Security Council is holding secret ballots on Monday to choose a candidate to replace Ban Ki-moon
who has to leave after serving two five-year terms as the United Nations
The 15-member Security Council will cast a ballot for each of the 10 candidates, with the choices being encourage, discourage or no opinion.
The candidate chosen unanimously by the Security Council will be recommended for appointment by the UN General Assembly as the new secretary general who starts work in January 2017.
Ban, who had been initially selected for the post by the Security Council in October 2006, steps down on December 31. He was the first Asian head of the organization in 35 years.

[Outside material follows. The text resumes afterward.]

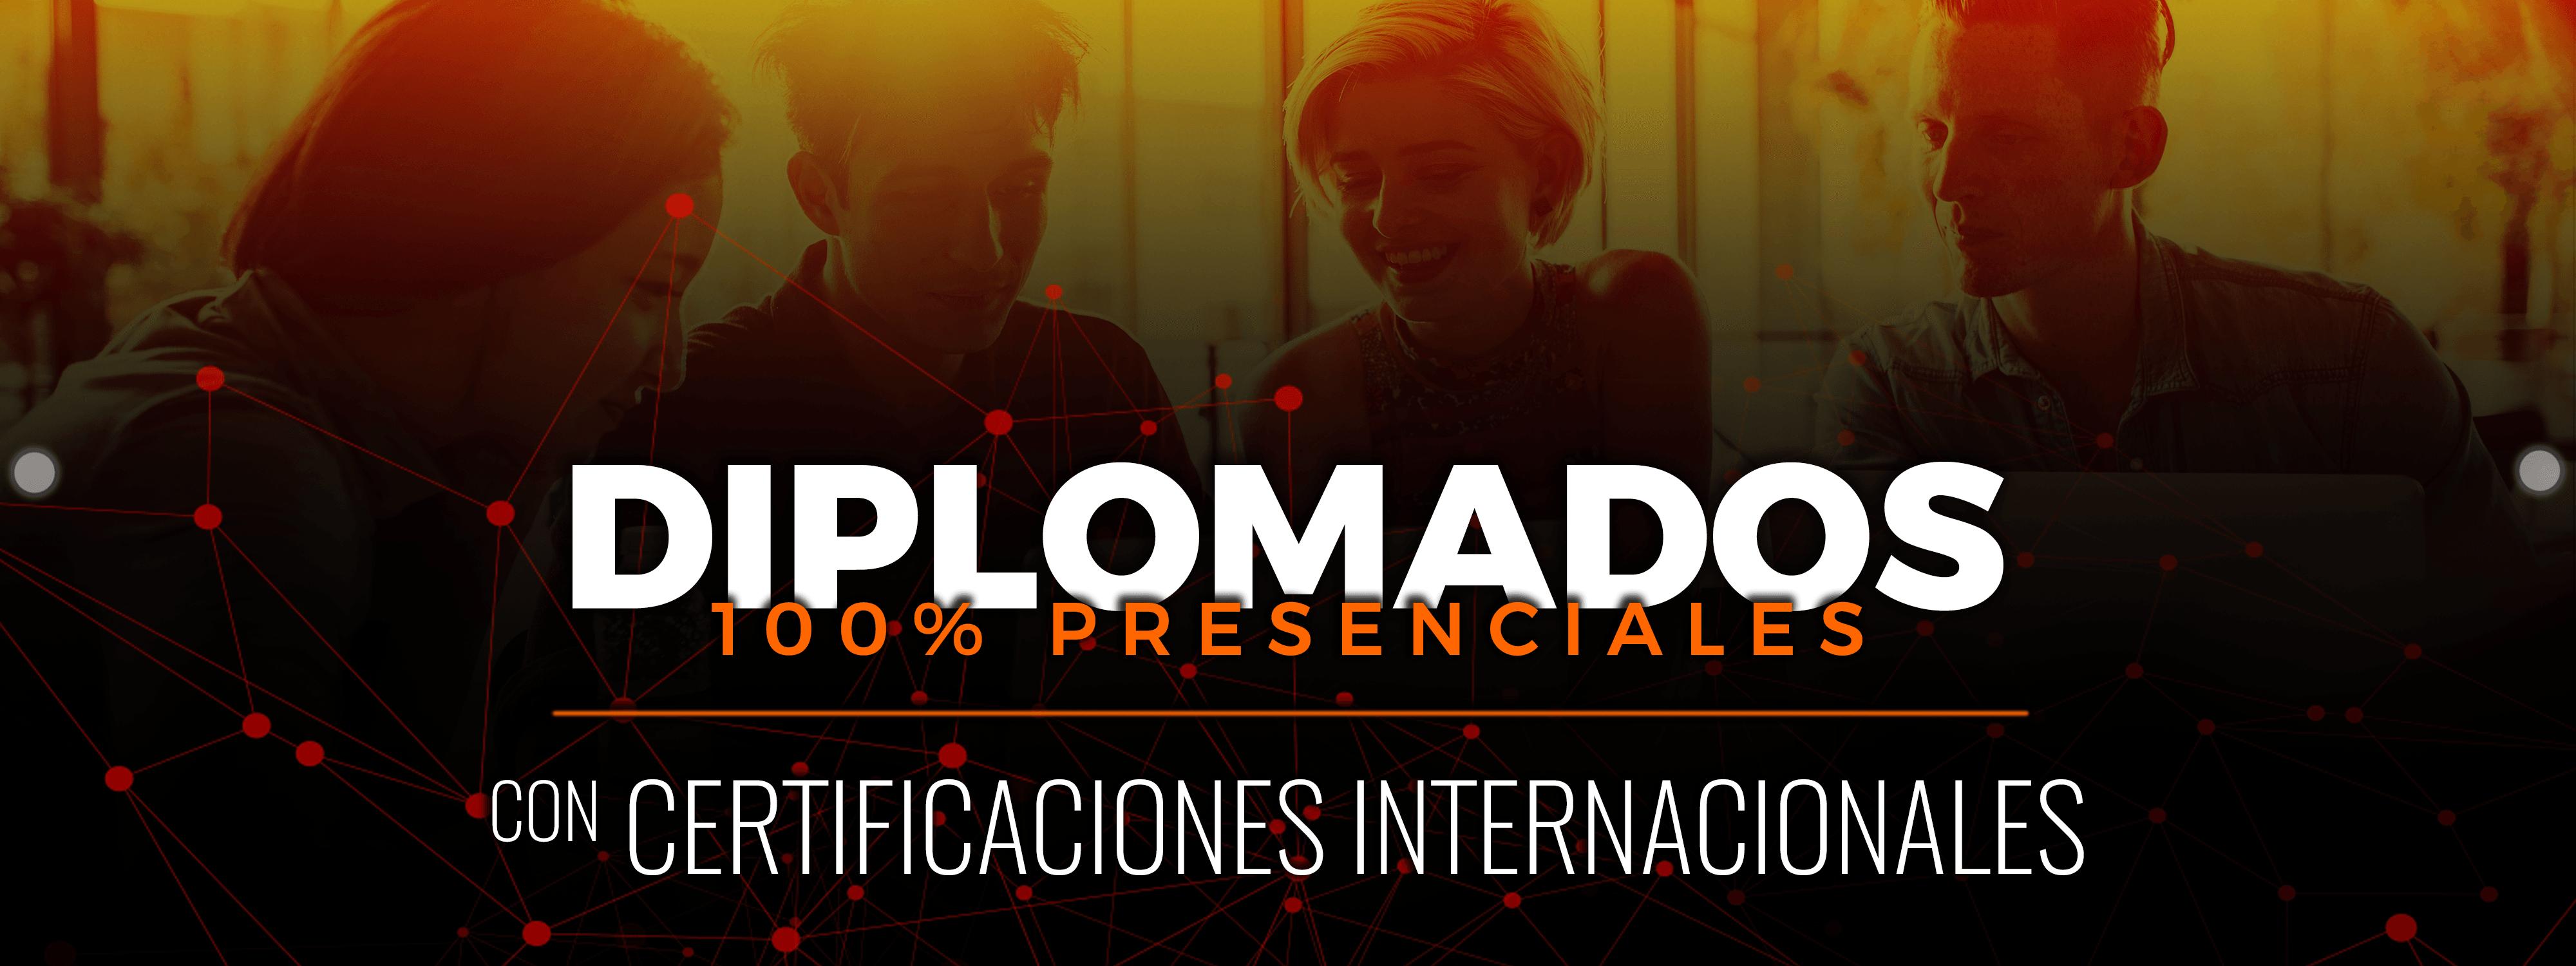 Diplomados Digital Business Academy

Based on the UN’s unofficial regional rotation scheme, many analysts believe there is a good chance that the next UN chief will hail from Eastern Europe, which has not produced a secretary-general as of yet.
However, current tensions between Russia and Western permanent members over the conflict in Ukraine could potentially lead to a deadlock over an Eastern European nominee. In that case, one of the remaining candidates from non-Eastern European regions will assume the job.
The selection of the secretary-general is subject to the veto of any of the five permanent members of the Security Council including China, Russia, Britain, the United States and France.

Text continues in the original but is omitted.